Centenares de organizaciones civiles, con representaciones dispares, donde las ONGs han hecho una importante labor, insistieron décadas y décadas ante la preocupación, cada día más acuciante, de que el planeta estaba siendo afectado, y que era precisa la aplicación y protección de medidas conjuntas para salvarlo.


En 2008, fue MALDIVAS quien presentó importantes medidas para paliar el efecto del cambio climático, relacionándolas con los derechos humanos.


En 2012 se nombró en Naciones Unidas, a un Relator, o Experto Independiente, sobre derechos humanos y medio ambiente. Fue JOHN KNOX, quien ostentó el cargo hasta 2018, cuando fue sustituido por DAVID R. BOYD.


El espaldarazo definitivo ha estado motivado por la COVID19, que hizo que casi 70 estados y 15 organismos de la propia ONU hiciesen una declaración conjunta al respecto.


BOYD al ser aprobada la que se conocerá como la Resolución 48/13 declaró:


Profesionalmente, ha sido probablemente la experiencia más emocionante que he tenido o que jamás tendré. Ha sido una enorme victoria del equipo.
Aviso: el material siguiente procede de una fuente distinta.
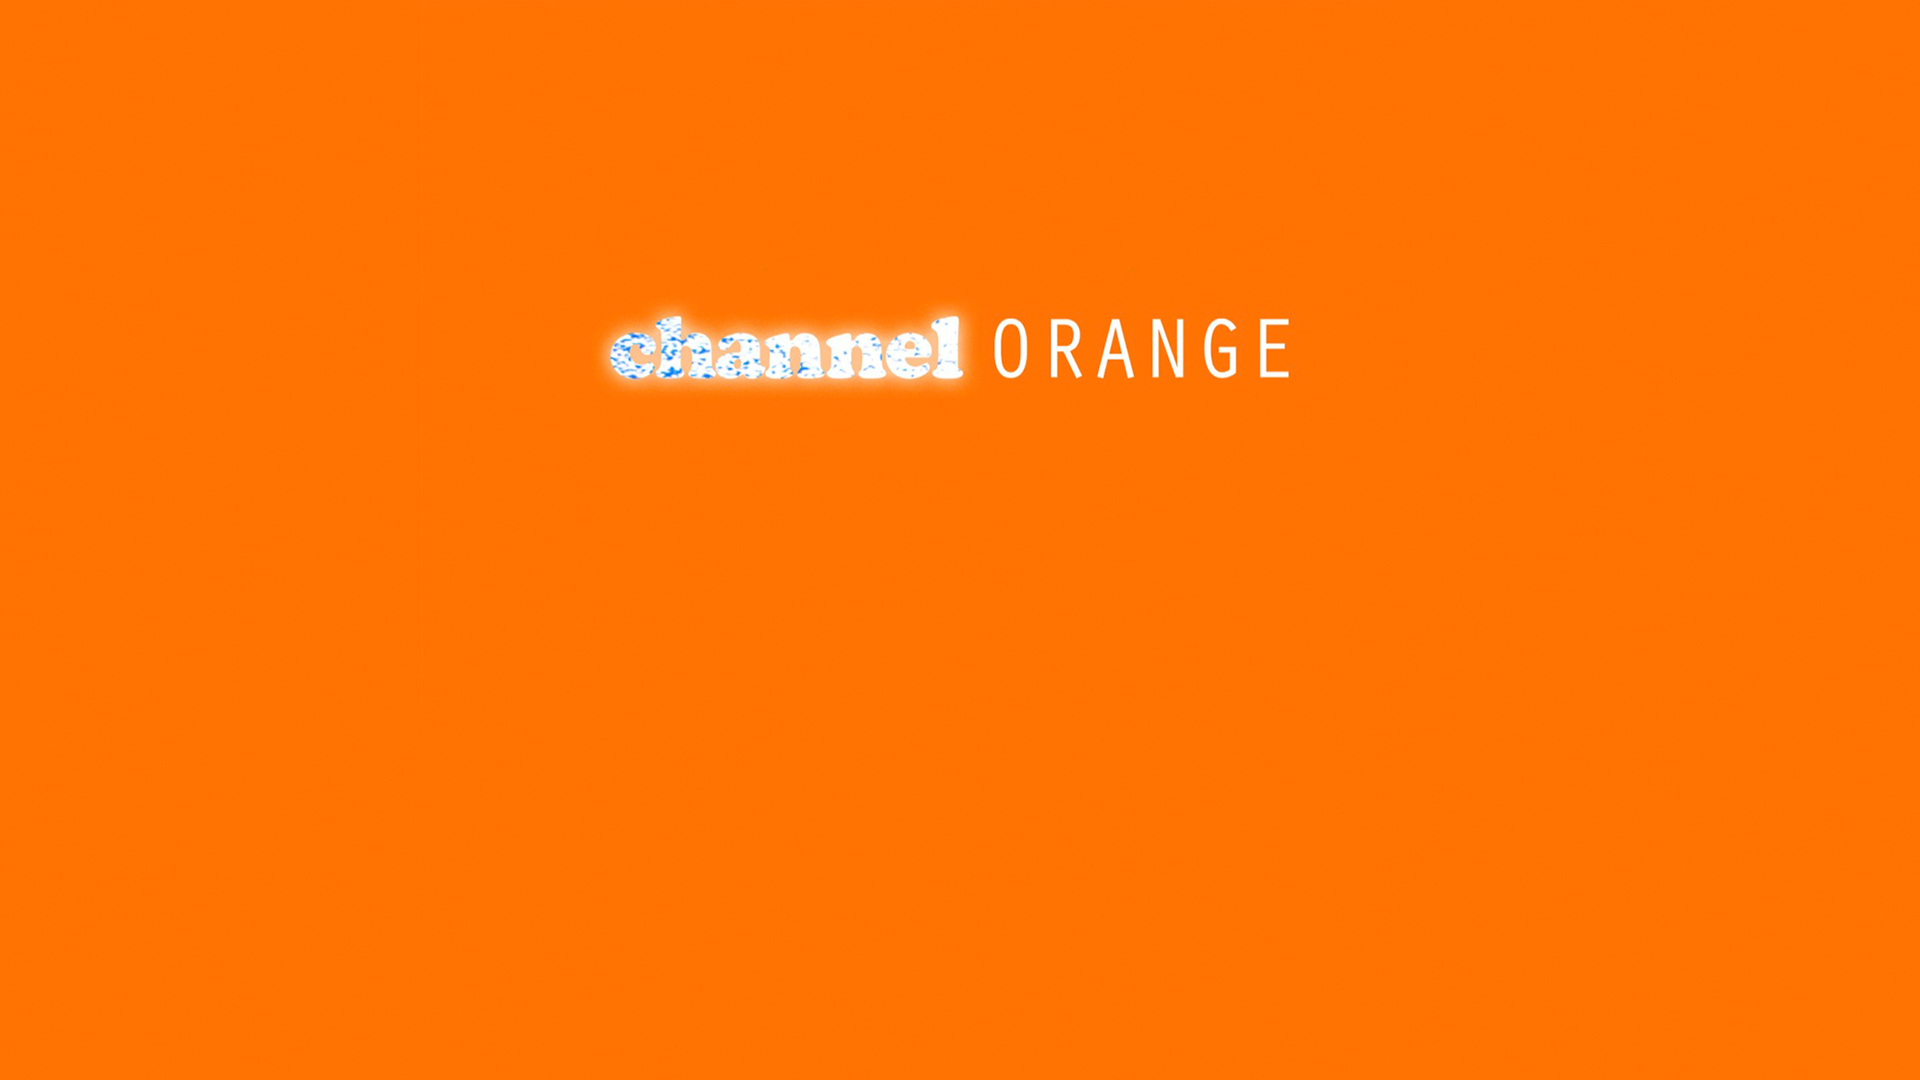 Frank ocean bisexual channel orange

Se necesitaron literalmente millones de personas, y años y años de trabajo para lograr esta resolución.

Esta resolución es una expresión política, y con ello se parte, sabiendo que no obliga sino que plantea normas de conducta que han sido consensuadas entre todos, y por encargo a un grupo de trabajo formado por Costa Rica, Maldivas, Marruecos, Eslovenia y Suiza.


El derecho verde, como empieza a conocerse, hace alusión expresa la AGENDA 2030 PARA EL DESARROLLO SOSTENIBLE, cuando en 2015 se aprobaron un amplio conjunto de objetivos, y metas universales de gran alcance, centrados en las personas.
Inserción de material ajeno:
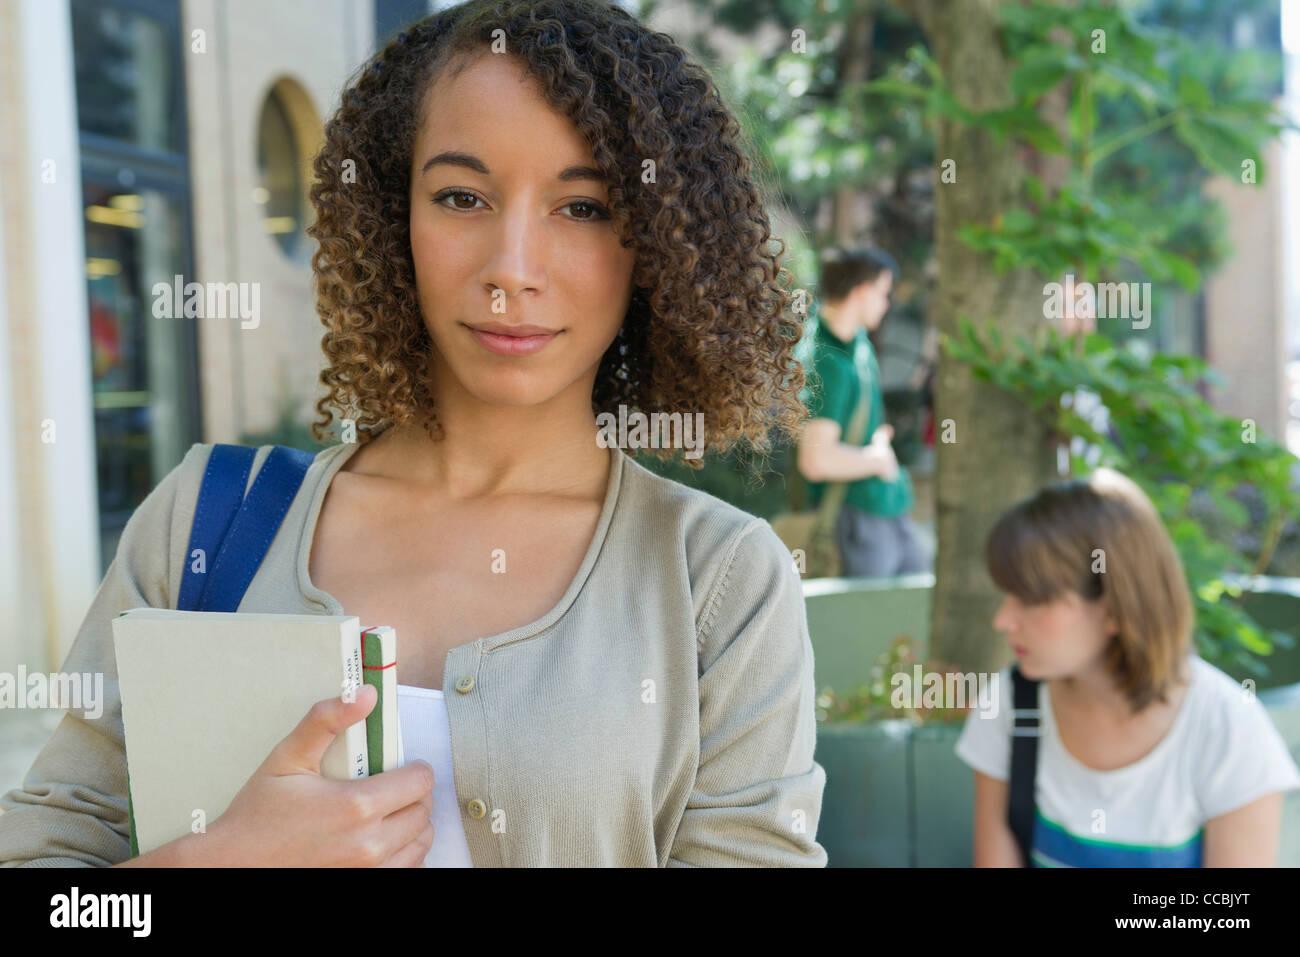 Collegio femminile studente, ritratto Immagini Stock

Igualmente recuerda las obligaciones y compromisos contraídos por los Estados miembros en la esfera del cambio climático, reconociendo el desarrollo sostenible en su dimensión social, económica y ambiental, además de la protección del medio ambiente, incluidos los ecosistemas, por su contribución al bienestar humano y al disfrute de los derechos humanos, dándole especial importancia a la cooperación internacional.


De la misma manera reconoce los efectos y la degradación del cambio climático, la ordenación y el uso no sostenible de los recursos naturales, la contaminación del aire, las tierras y el agua, la gestión irracional de las sustancias químicas y los desechos, la pérdida resultante de la diversidad biológica y la disminución de los servicios prestados por los ecosistemas, como amenazas acuciantes y graves a la capacidad de las generaciones presentes y futuras tanto para el disfrute de los derechos humanos e, incluso, del derecho a la vida.


Recuerda los Principios Rectores sobre las Empresas.


En resumen:


  • Reconoce el derecho a un medio ambiente limpio, saludable y sostenible como un derecho humano importante para el disfrute de los derechos humanos

  • Observa que el derecho a un medio ambiente limpio, saludable y sostenible está relacionado con otros derechos y el derecho internacional vigente

  • Afirma que la promoción del derecho humano a un medio ambiente limpio, saludable y sostenible requiere la plena aplicación de los acuerdos multilaterales relativos al medio ambiente con arreglo a los principios del derecho ambiental internacional

Alienta a los Estados a que:

  • Creen capacidades para las actividades de protección del medio ambiente a fin de cumplir sus obligaciones y compromisos en materia de derechos humanos, e intensifiquen la cooperación con otros Estados, la Oficina del Alto Comisionado de las Naciones Unidas para los Derechos Humanos, el resto del sistema de las Naciones Unidas y otras organizaciones internacionales y regionales, organismos, programas, secretarías de convenios y convenciones y partes interesadas no estatales pertinentes, incluidas la sociedad civil, las instituciones nacionales de derechos humanos y las empresas, en la implementación del derecho a un medio ambiente limpio, saludable y sostenible, de conformidad con sus respectivos mandatos

  • Sigan compartiendo buenas prácticas en el cumplimiento de las obligaciones de derechos humanos relacionadas con el disfrute de un medio ambiente limpio, saludable y sostenible, entre otros medios intercambiando conocimientos e ideas, creando sinergias entre la protección de los derechos humanos y la protección del medio ambiente, teniendo en cuenta un enfoque integrado y multisectorial y considerando que en las actividades encaminadas a proteger el medio ambiente se han de respetar plenamente otras obligaciones en materia de derechos humanos, incluidas las relacionadas con la igualdad de género

  • Adopten políticas para el disfrute del derecho a un medio ambiente limpio, saludable y sostenible, según corresponda, en particular con respecto a la biodiversidad y los ecosistemas

  • Sigan teniendo en cuenta las obligaciones y los compromisos de derechos humanos relacionados con el disfrute de un medio ambiente limpio, saludable y sostenible en la aplicación y el seguimiento de los Objetivos de Desarrollo Sostenible, tomando en consideración su carácter integrado y multisectorial

De los 47 países miembros, elegidos por la mayoría de la ASAMBLEA GENERAL, 43 han votado a favor, ninguno en contra y 4 abstenciones: China, Federación de Rusia, India y Japón. Veamos como llevan sus abstenciones en los próximos años.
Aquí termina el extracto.